▶ _Task requirements_
From the data below, please reproduce exactly everything from the line that contains "Prada Women's Glace Leather Shoulder Bag" down to the line that contains "Thetford 42169 AQUAMAGIC", with both ends included.

▶ _The data_

--------

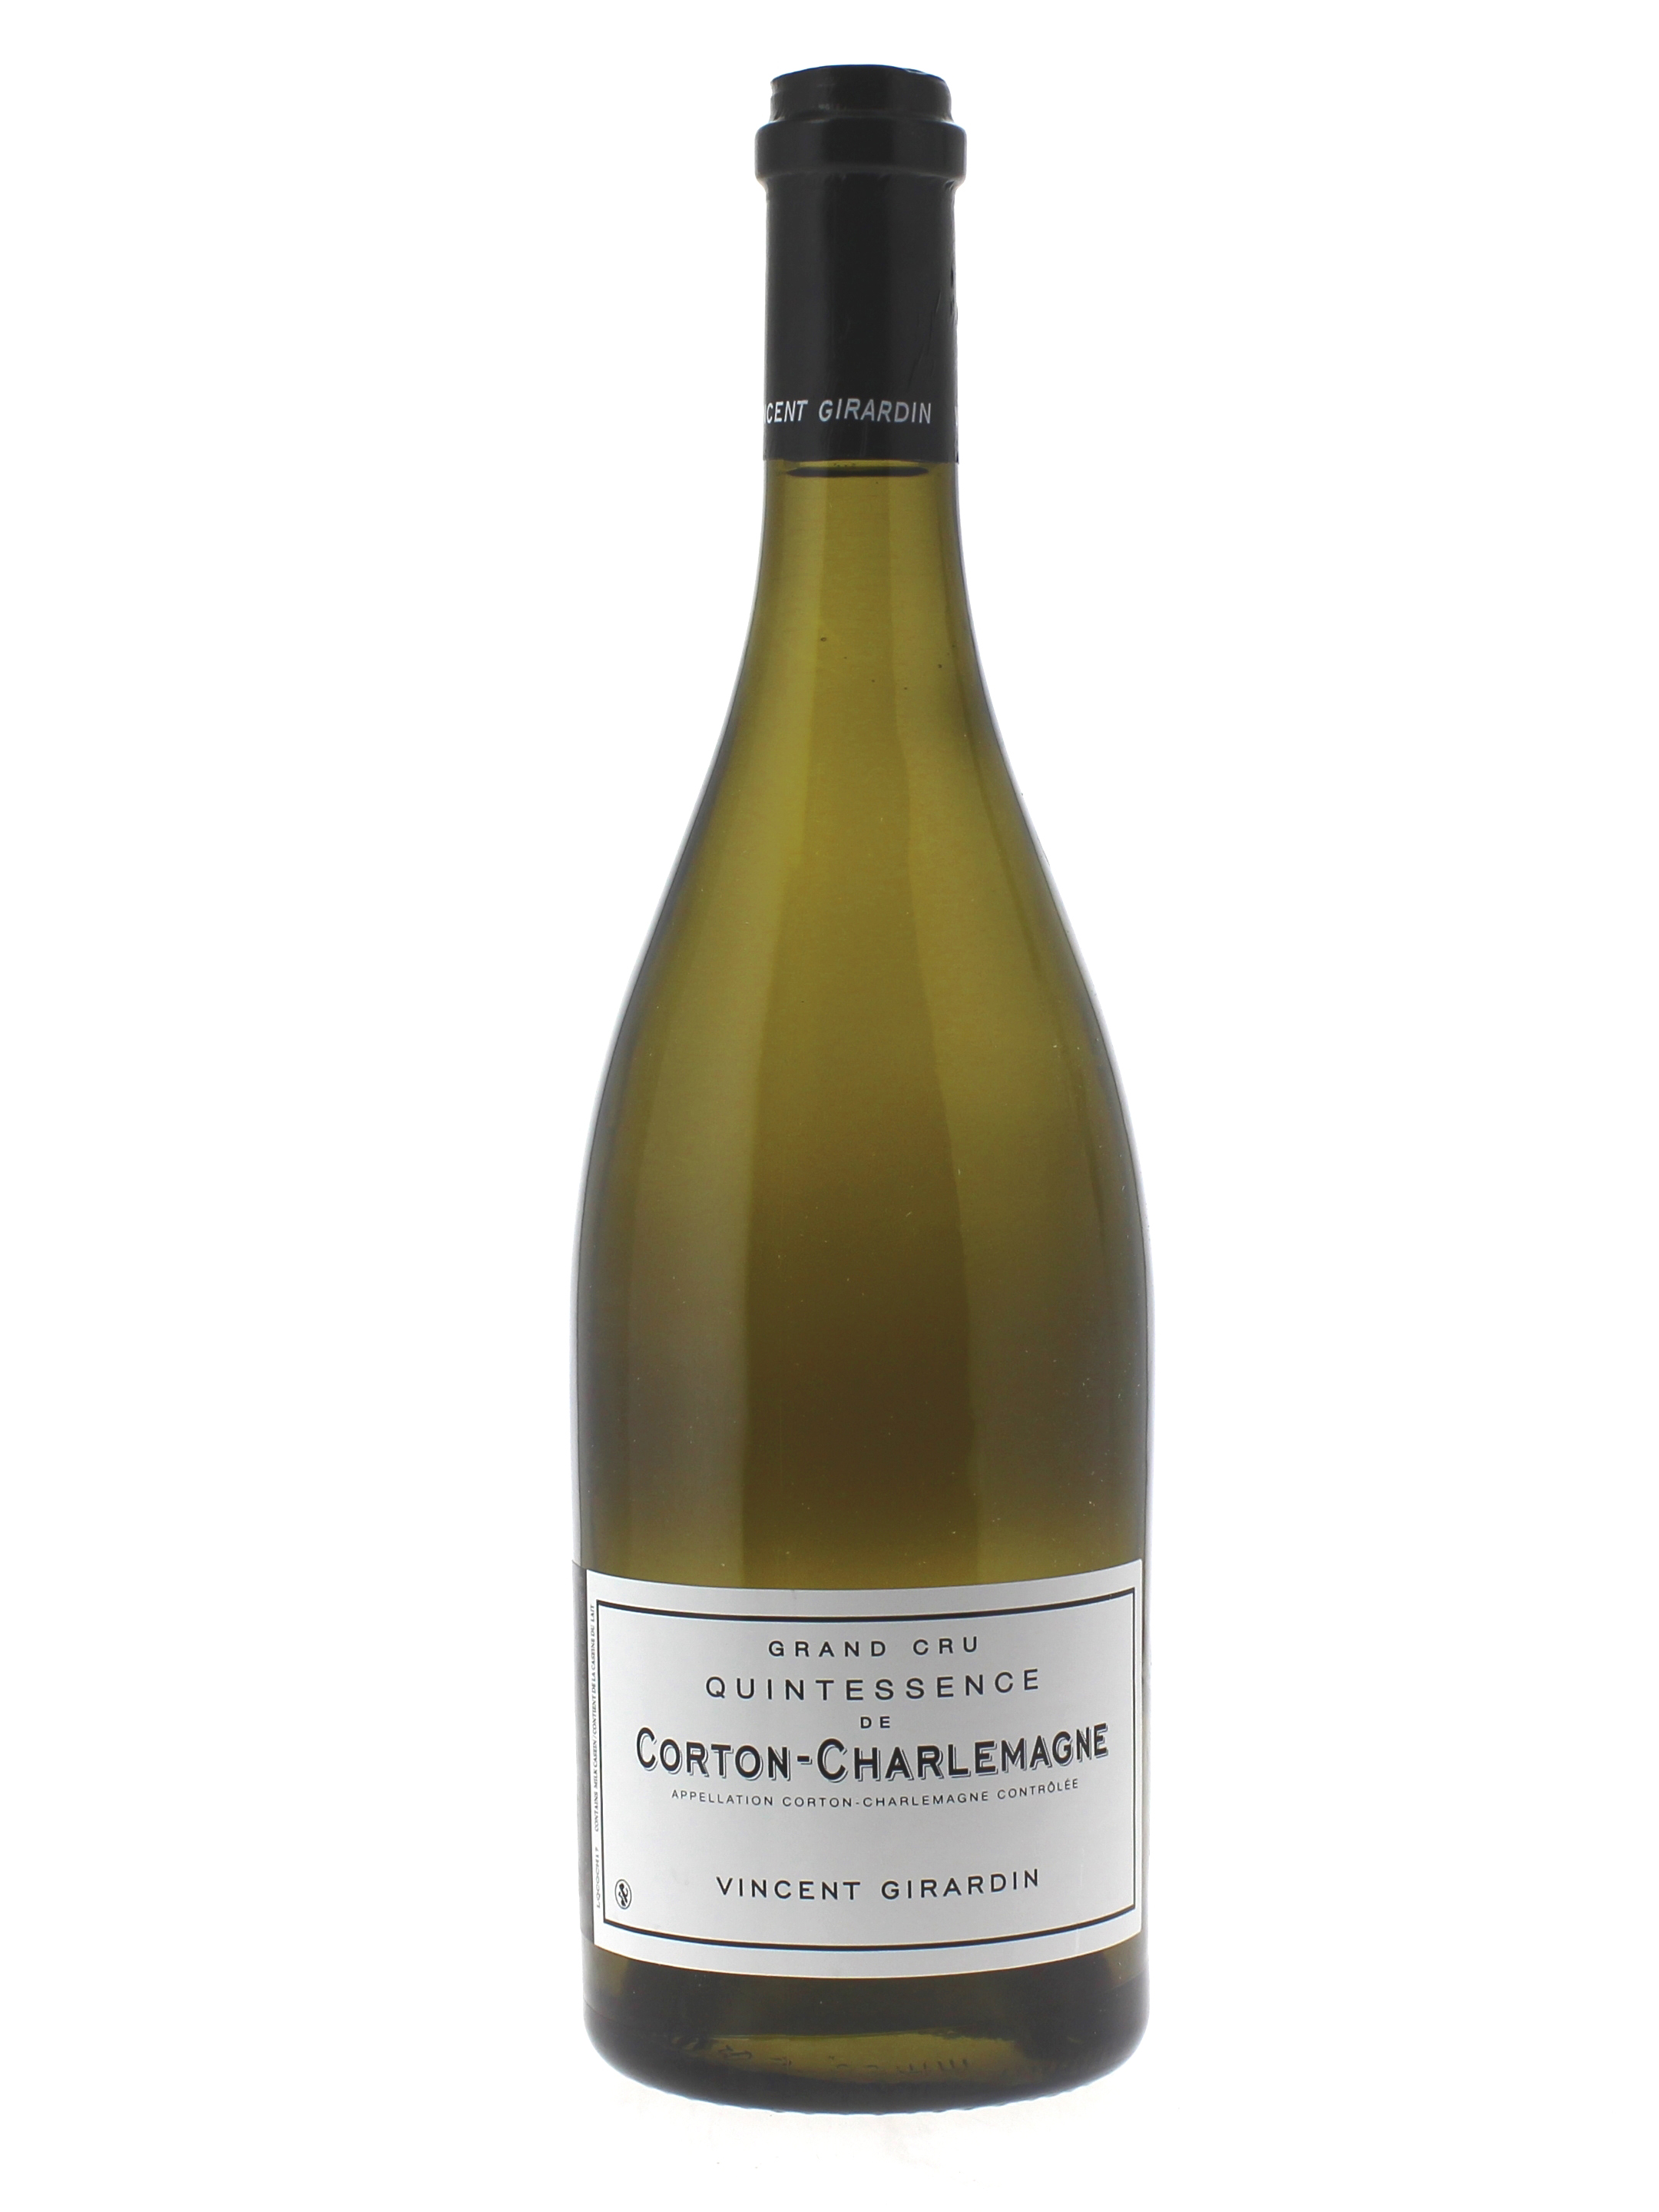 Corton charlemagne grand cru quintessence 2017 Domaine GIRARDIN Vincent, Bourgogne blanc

--------

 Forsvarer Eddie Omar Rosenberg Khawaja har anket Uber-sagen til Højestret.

--------

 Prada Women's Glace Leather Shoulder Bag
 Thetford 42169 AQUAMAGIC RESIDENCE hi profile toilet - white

--------

▶ _Exercise output_
 Prada Women's Glace Leather Shoulder Bag
 Thetford 42169 AQUAMAGIC RESIDENCE hi profile toilet - white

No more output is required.